Them’s fightin’ words, to be shur.  But to any real basketball fan, we know action speaks volumes and words speak, well, pages.

Zaslav does have one more year of league coverage to exploit, both on TNT and on NBATV, which it operates and supports.   He can certainly choose to stop promoting games across the balance of his portfolio, hence denying all of those 90 DAY FIANCE and CHOPPED fans the pleasure of reciprocal promotion the way the viewers of last year’s playoffs were forced to endure promotion for those shows all spring.  He can even minimize the promotion of TNT’s games on the network itself.  Precedence was set when other sports were in transition years; in 1993 CBS all but stopped pushing NFL games once they learned FOX was taking over rights the following fall.  The same thing happened with NBC and ABC two years later when their ill-fated “Baseball Network”, effectively a market-by-market roll-up of as many as 13 regional telecasts a night that desperately needed to get the word out in the wake of emerging from the ashes of the strike that killed the 1994 post-season, did virtually nothing to clear up the confusion for fans in two-team DMAs to simply know which of their them would actually be on TV that night.

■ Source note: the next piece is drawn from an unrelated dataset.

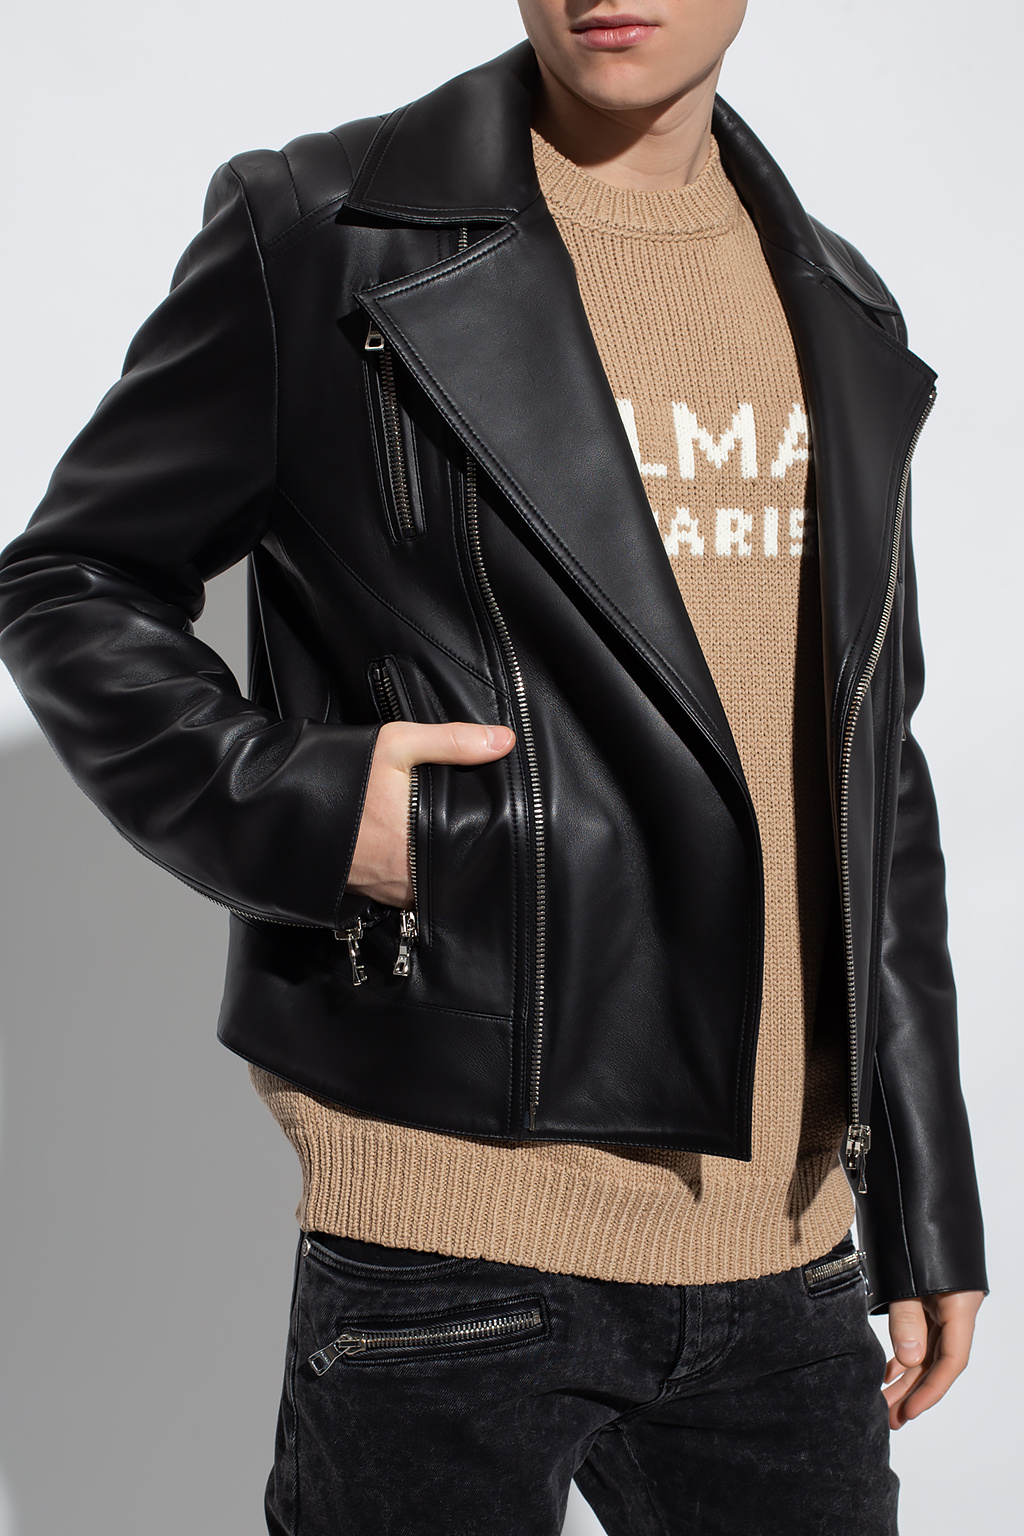 Shipley Mount Vesuv Udelade Balmain Leather jacket | Men's Clothing | Vitkac

But, fair warning, all those maneuvers had little effect on the ratings of the games that mattered most because, hey, sports fans are persistent.  And it does seem like WBD really wants to make a statement, and they seem to kind of relish distracting their frustrated stockholders by filing lawsuits.  Lawyers tend to love to do to that.

So for as incideniary as this may sound, I’d love to see Zas pull a rabbit out of his own hat and announce due to pending litigation, he’s pulling the plug on THIS season’s games.  Start with the season opener on October 22nd between Ant and Lebron (the Timberwolves at the Lakers, for you nit-pickers).  Don’t give the league enough time to find alternative distribution, either, ‘cuz you know they will.  Get those Lakers fans who may have been actually thinking about pausing their campaigning for Harris-Walz to rise up in the kind of response your half-hearted response above teased was possible.

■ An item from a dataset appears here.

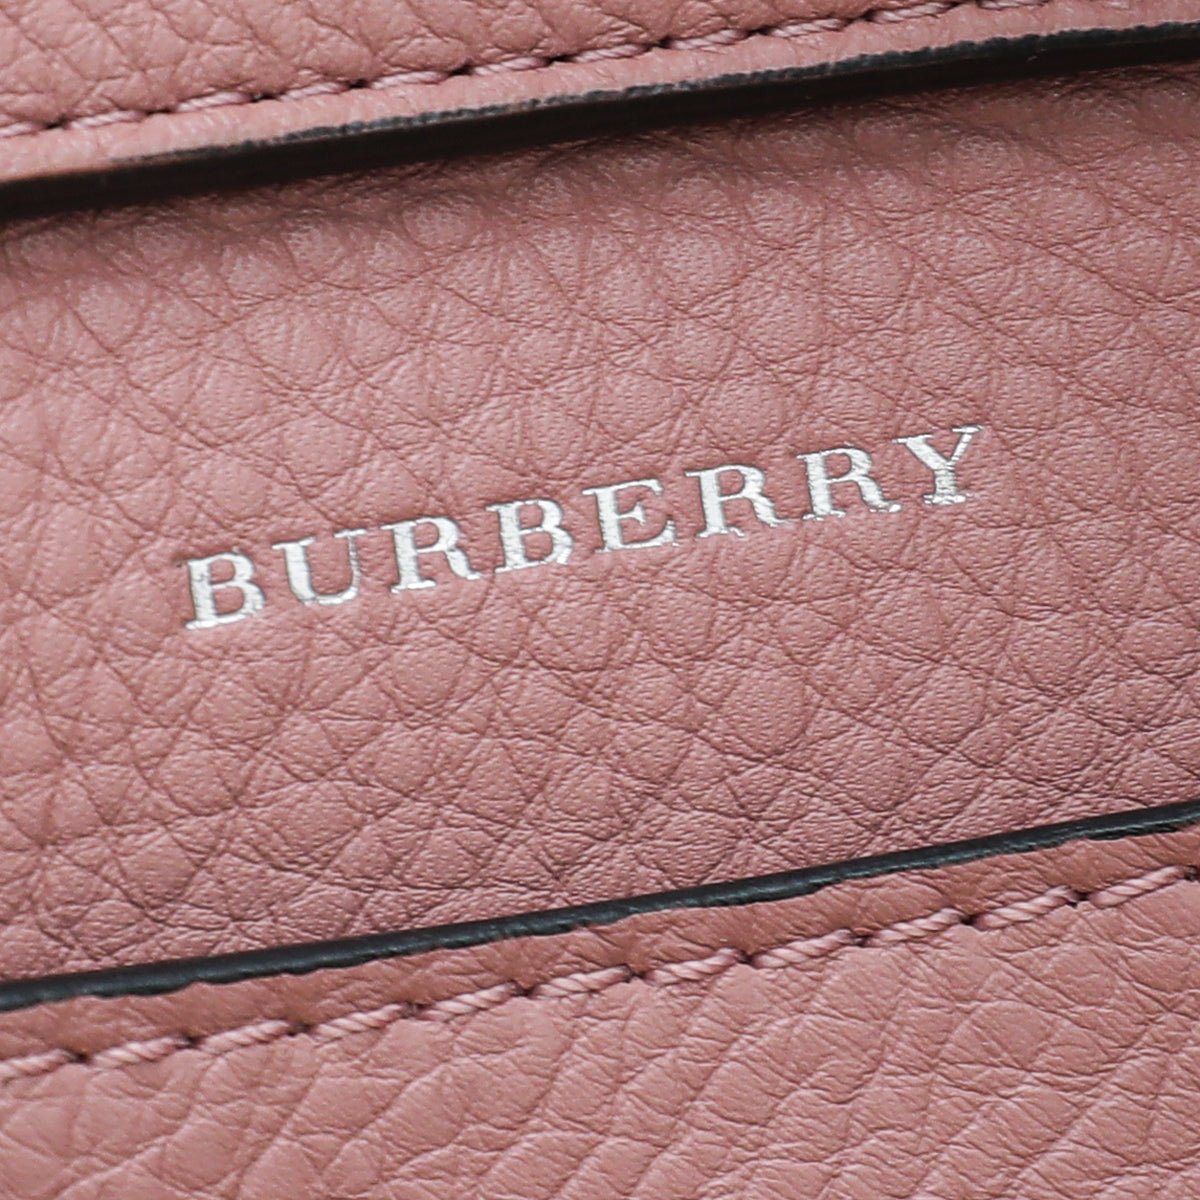 Burberry - Burberry Bicolor Large Clutch | The Closet

What’s the worst that could happen, Yosemite?  They’d sue you?  You’re already fighting it out in the courts.  You’d lose audience and money?  It’s one night, and even you could come up with programming that would at least offset some of it.  Charles Barkley will say nasty things about you?  He did that anyway, and you still found enough between the cushions of your couches to pay him enough to stick around.  The league might pull the entire 2024-25 package from you in response?  Call that ripping the Band-Aid off the scab.  Most astute observers know you only started this brou-ha-ha in the pious hope they might pay you something to get you closer to your quarterly bonus threshold to offset some of the losses the rest of your management genius has incurred.  In a more reflective moment, I think even you might confess that’s not all that likely.  And unless you can inflict some actual pain of your own, I don’t see much of a reason for you to even think they’re gonna cough up a nickel.

The NBA’s a league of big balls, both the ones that are dribbled and the ones that dribble them, Zas.  Unless you’re willing to grow a pair of your own, you might want to rethink all this attention to the court of law, and just focus on the court they play on.